Я чувствовал, что в целом это коловращение что-то мне коварно напоминает. «Жизнь!» – подсказал вдруг немой голос, и губы мои безмолвно повторили: «Жизнь…» То же кишение тел, движимых желанием, которое они маскируют всевозможными личинами. Жизнь… «А где же во всем этом я?» – спрашивал я себя, догадываясь, что ответ на этот вопрос сулит рождение какой-то необычайной истины, которая все раз и навсегда объяснит.
С аллеи донеслись крики. Я узнал голоса моих одноклассников, возвращавшихся в город. Я ухватился за ветку, готовясь спрыгнуть. Голос Пашки, огорченный и заискивающий, прозвучал неуверенно:
– Погоди! Сейчас погасят прожектора, увидишь, сколько будет звезд! Если залезть повыше, видно Стрельца…
Я уже не слушал. Я спрыгнул с дерева. Земля, заплетенная толстыми корнями, больно ударила в подошвы. Я побежал догонять товарищей, которые удалялись, оживленно жестикулируя. Мне хотелось как можно скорее рассказать им про мою партнершу с красивой грудью, услышать их реплики, оглушить себя словами. Я спешил вернуться к жизни. И со злой радостью пародировал странный вопрос, мысленно заданный себе всего минуту назад: «Где же я? Где ж это я был?» Да на ветке, с этим дураком Пашкой. Рядом с настоящей жизнью!

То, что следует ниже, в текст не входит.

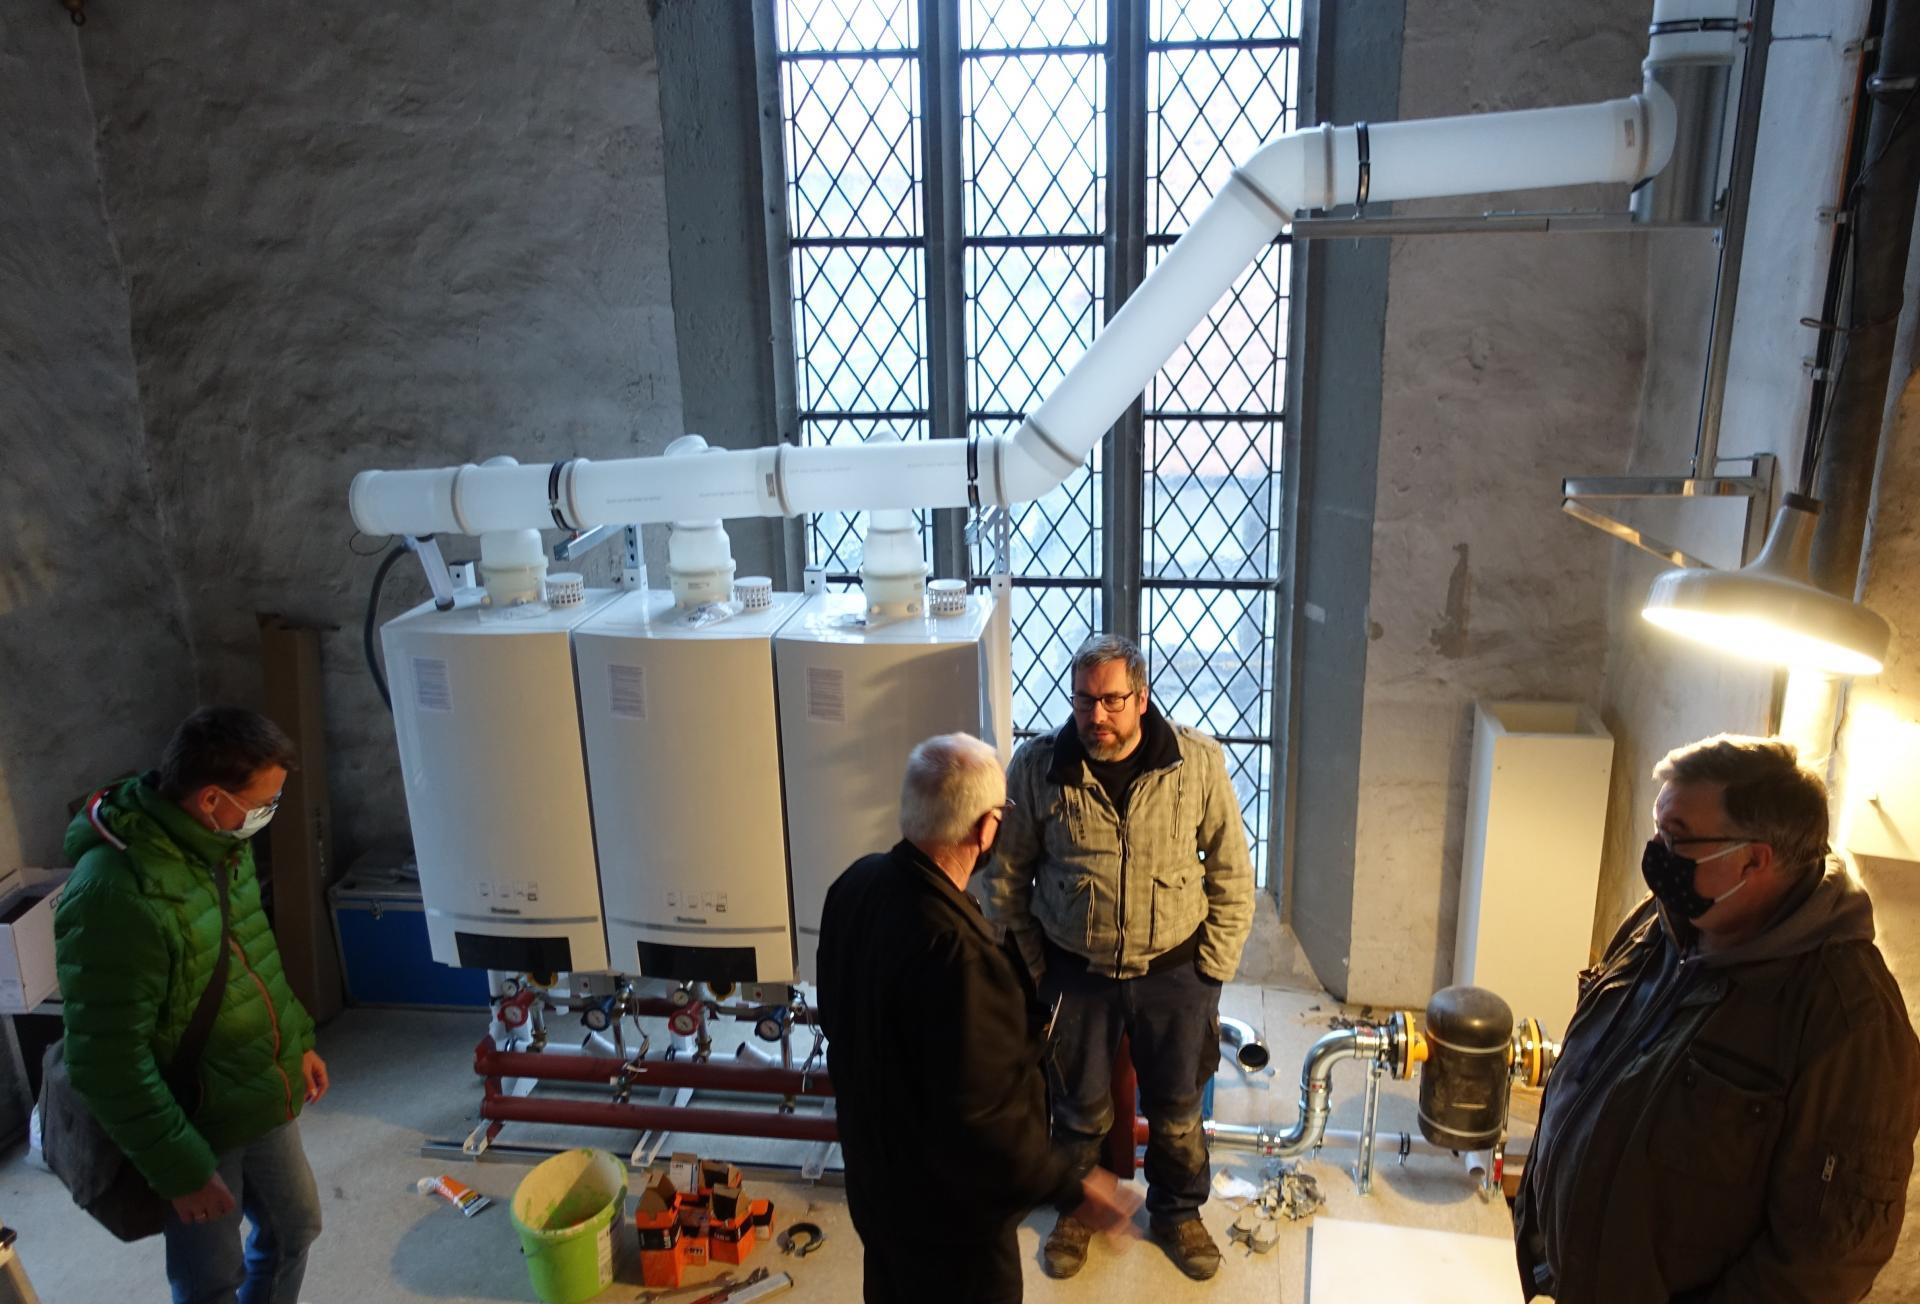 Bild 231 ein Gesprächstermin mit Henning Schmidt, Bezirksschornsteinmeister mit Michael Täubert, Erik Müller und Frank Wagner in der Vorbälgekammer
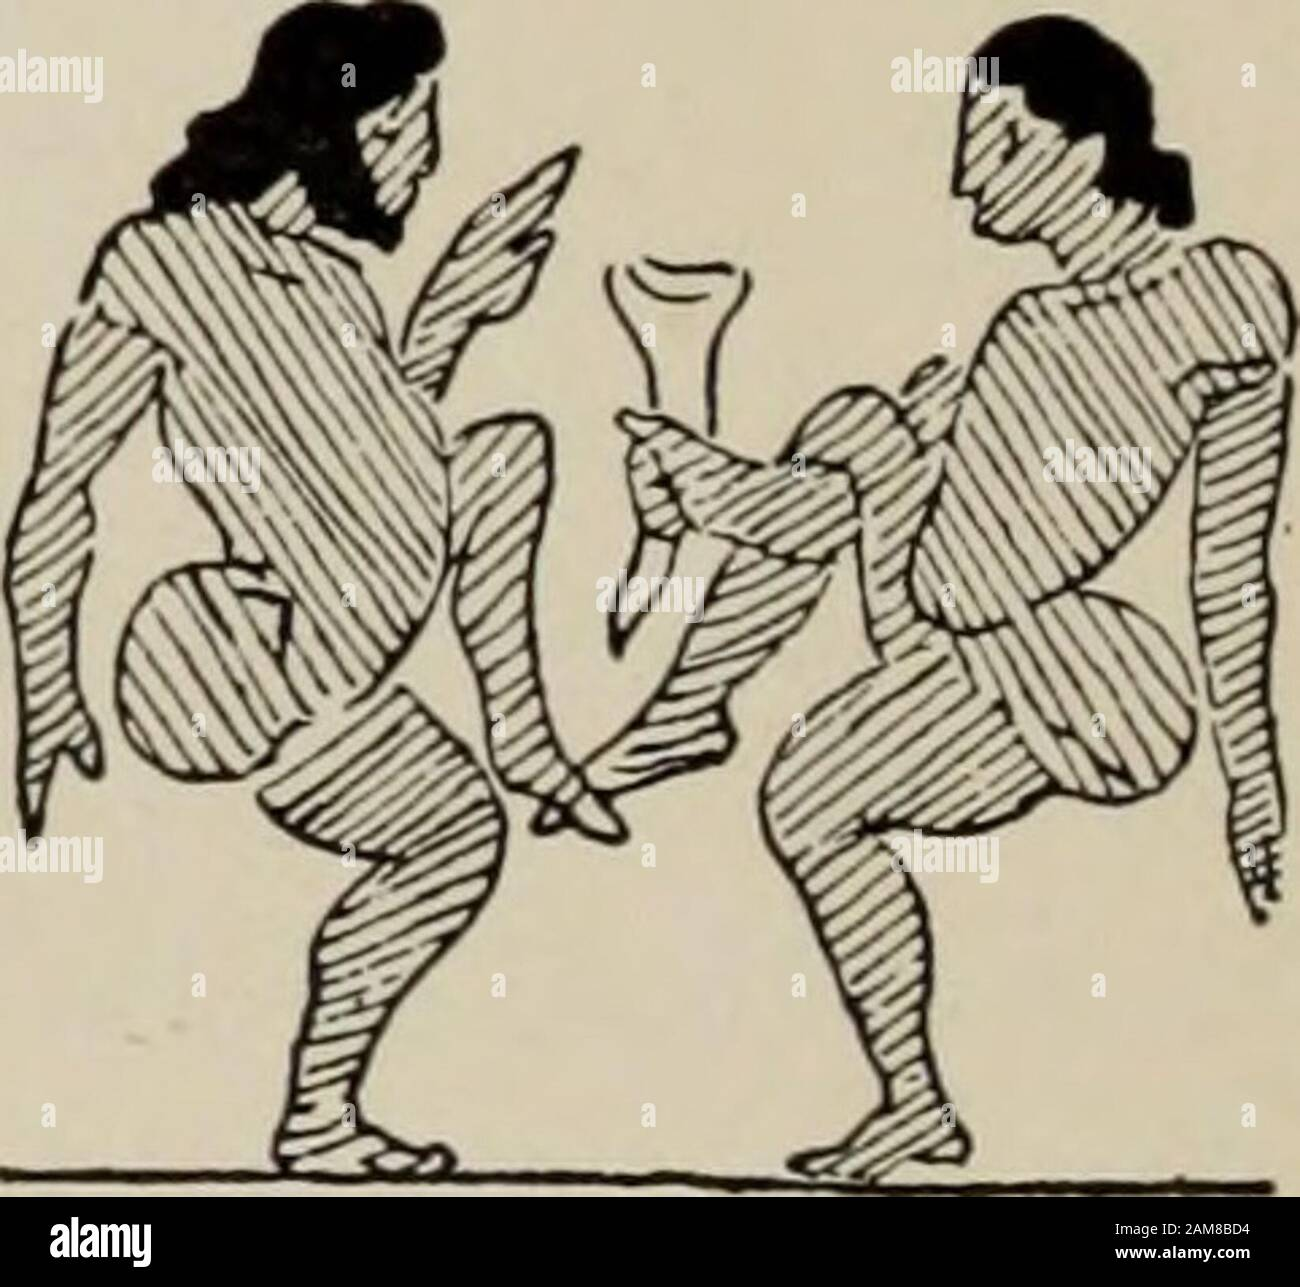 La danza griega antigua, después de figuras esculpidas y pintadas . prensa el movimiento bymore medios directos. Entre los dos momentos de la Fig. 404 mustbe interpuso el momento de la suspensión duringque el bailarín salta de la pierna derecha a la izquierda. 301. Fig. 405, en el que se muestra la elevación y baja, progresivamente, de las piernas de los bailarines, es un remarkableejemplo de una serie analítica completa (291). La rodilla de la pierna suportante está doblada y es evidente que el bailarín está saltando de la pierna izquierda a la derecha: Levanta la pierna superior izquierda así como la pierna superior derecha. Ejecuta, en su lugar, un se Foto de stock

По причудливой воле случая (я уже знал, что действительность чуть ли не сплошь состоит из неправдоподобных повторов, с которыми, как с серьезным недостатком, борются авторы романов) на следующий день мы с Пашкой снова встретились. С тем смущением, с каким двое приятелей, которые вечером обменивались важными, взволнованными и прочувствованными признаниями, раскрывали друг другу душу до самых сокровенных глубин, встречаются потом при будничном и скептическом свете дня.
Я слонялся около танцплощадки, еще закрытой – было только без чего-то шесть. Я хотел во что бы то ни стало первым пригласить на танец вчерашнюю партнершу. В суеверной надежде, что время вернется вспять и я сумею склеить свою разбитую чашку.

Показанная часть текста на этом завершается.